“Did you know Lisa was an alum of Leiston?” asked Ray, a few minutes into the meal.
“She was telling me that before you arrived,” responded Sarah.
“But I don’t quite understand what your role at the school is now?” Lisa asked, looking at Sarah.
“After the horrible events involving the headmaster’s wife, the board decided that it would be best for Dr. Warrington to leave. At first they were going to let him finish the semester, but some of the board members just wanted him out of there. So they bought his contract.
“I ran the business operations at the school for four years, that’s my background. What I know about education, especially private school education, I’ve learned working at Leiston. But the board is comfortable with me running the school for the remainder of year. They are forming a search committee and hope to have a new headmaster in place for the next school year. At their last meeting they named Harrison Davids, our veteran social science teacher, to be acting academic dean. He’s been released from half of his teaching duties to handle the academic side of the administration, the things Ian used to do.”

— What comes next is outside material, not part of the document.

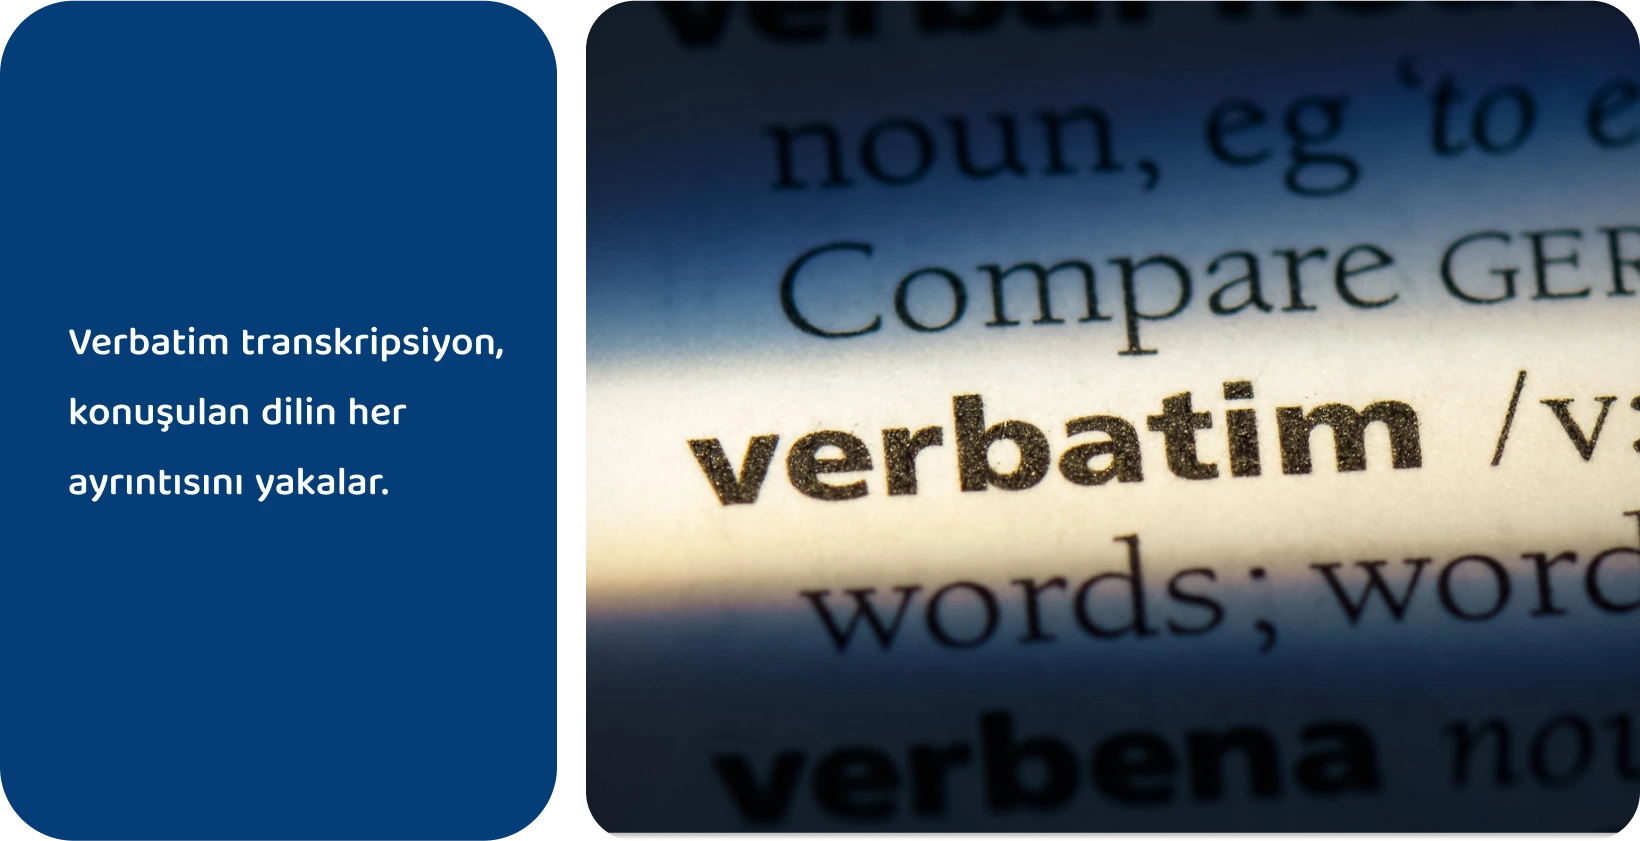 'Verbatim' kelimesinin sözlük girişi vurgulanarak kesin transkripsiyon yöntemlerini temsil eder.
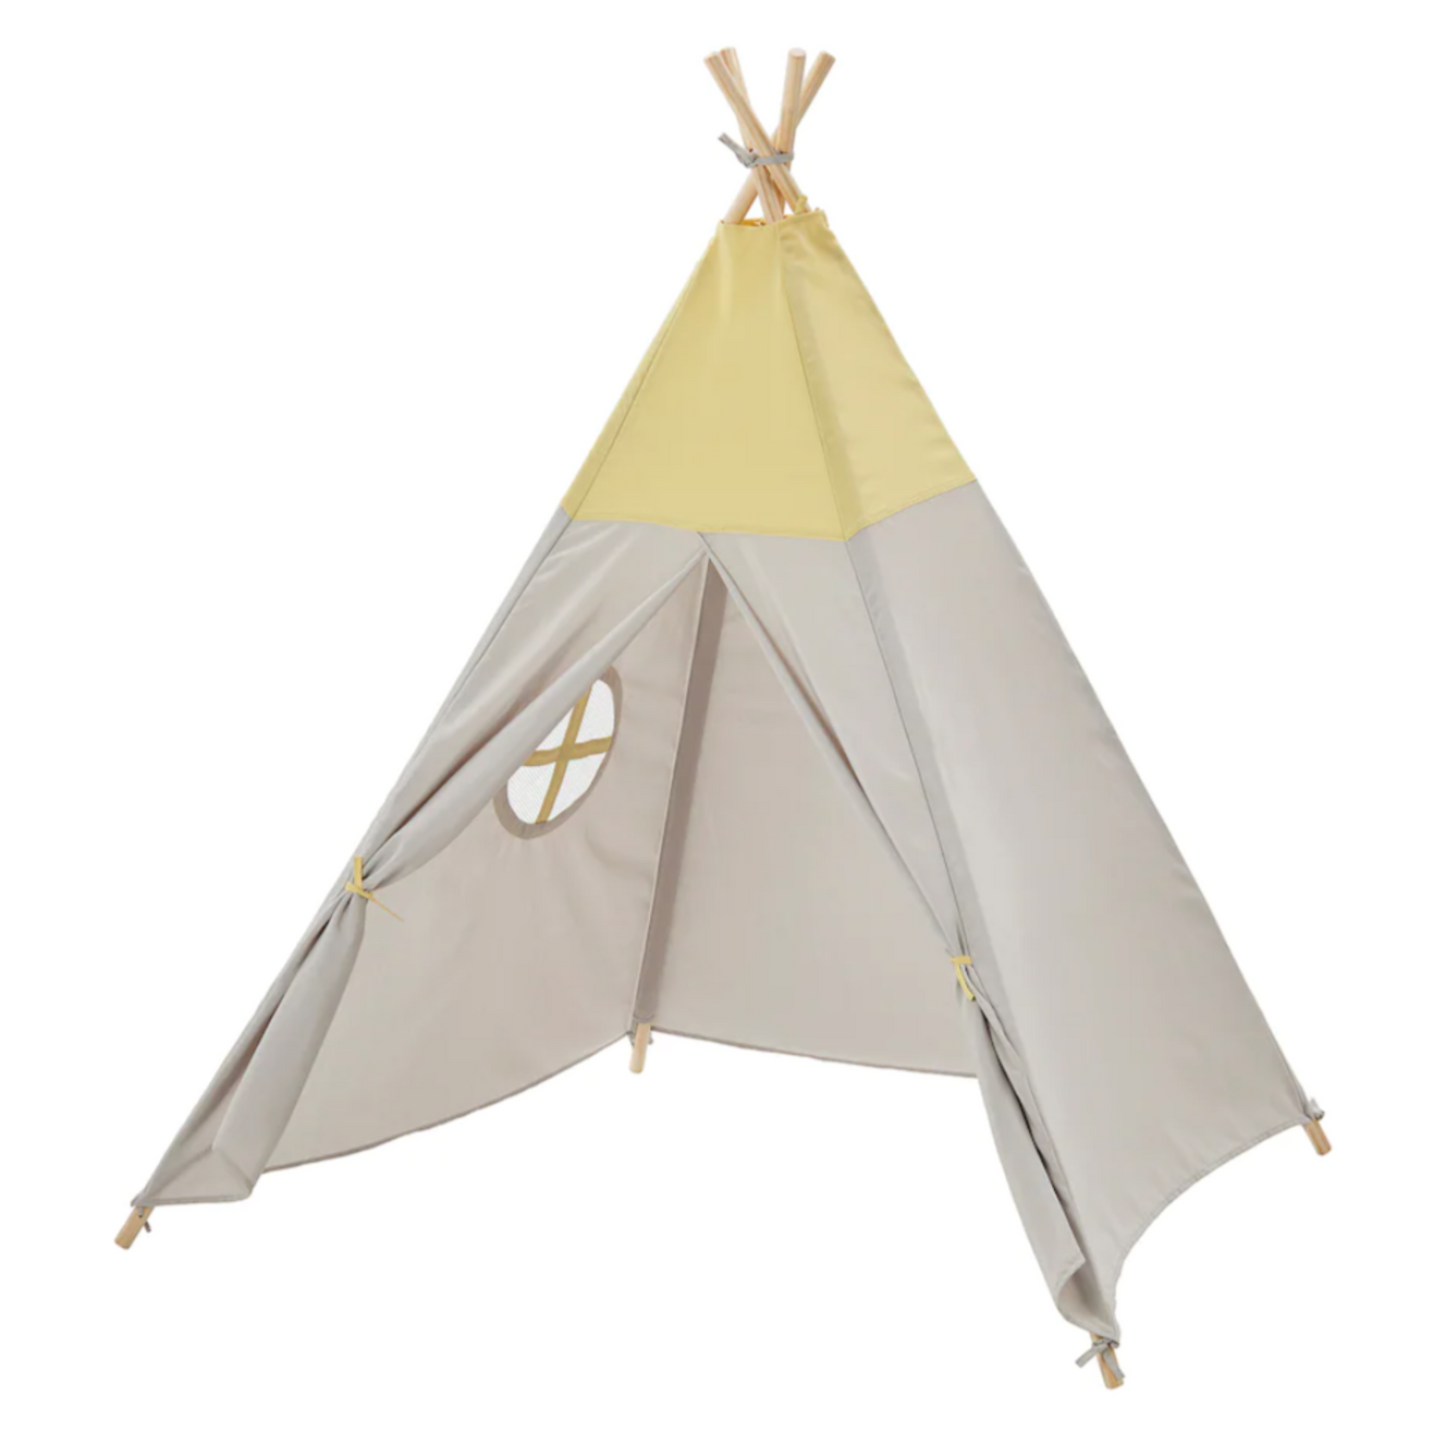 IKEA Hövlig Children's tent (6579336904769)

“So does that make you the headmistress?” quipped Marc.
“It’s okay to kick him under the table,” said Lisa. “I do it all the time.”
“Wonderful meal, Marc, thank you,” said Ray. “And the bread is a noble experiment.”
“Does that mean it was successful?”
“Absolutely. The crust is equal to the kind you get with a steam injection oven.” Ray looked over at Marc and Lisa. “Thank you for all of this. It’s a wonderful transition into the weekend after a difficult week.”
“We had a sense of that,” said Lisa. “And those kids we saw on the news….”
“Now it’s my turn to do the kicking,” said Marc, cutting Lisa off. He looked across at Sarah. “We, the three of us, for the last several years have had dinner together at least once a week. And I always get Lisa to promise that she’s going to leave Ray alone, no work-related questions. She’s not going to ask about what she’s seen on the news or read in the paper. And she’s made good progress. This evening I was so impressed that she didn’t start her questions as soon as Ray came through the door.”
“Have they been in trouble before?” Lisa finished her question.
“No,” answered Ray. “Not even a traffic ticket. That’s unusual for three teenage boys. These guys have never been on our radar. Unhappily, we’ve got some kids their age who already have substantial criminal records.”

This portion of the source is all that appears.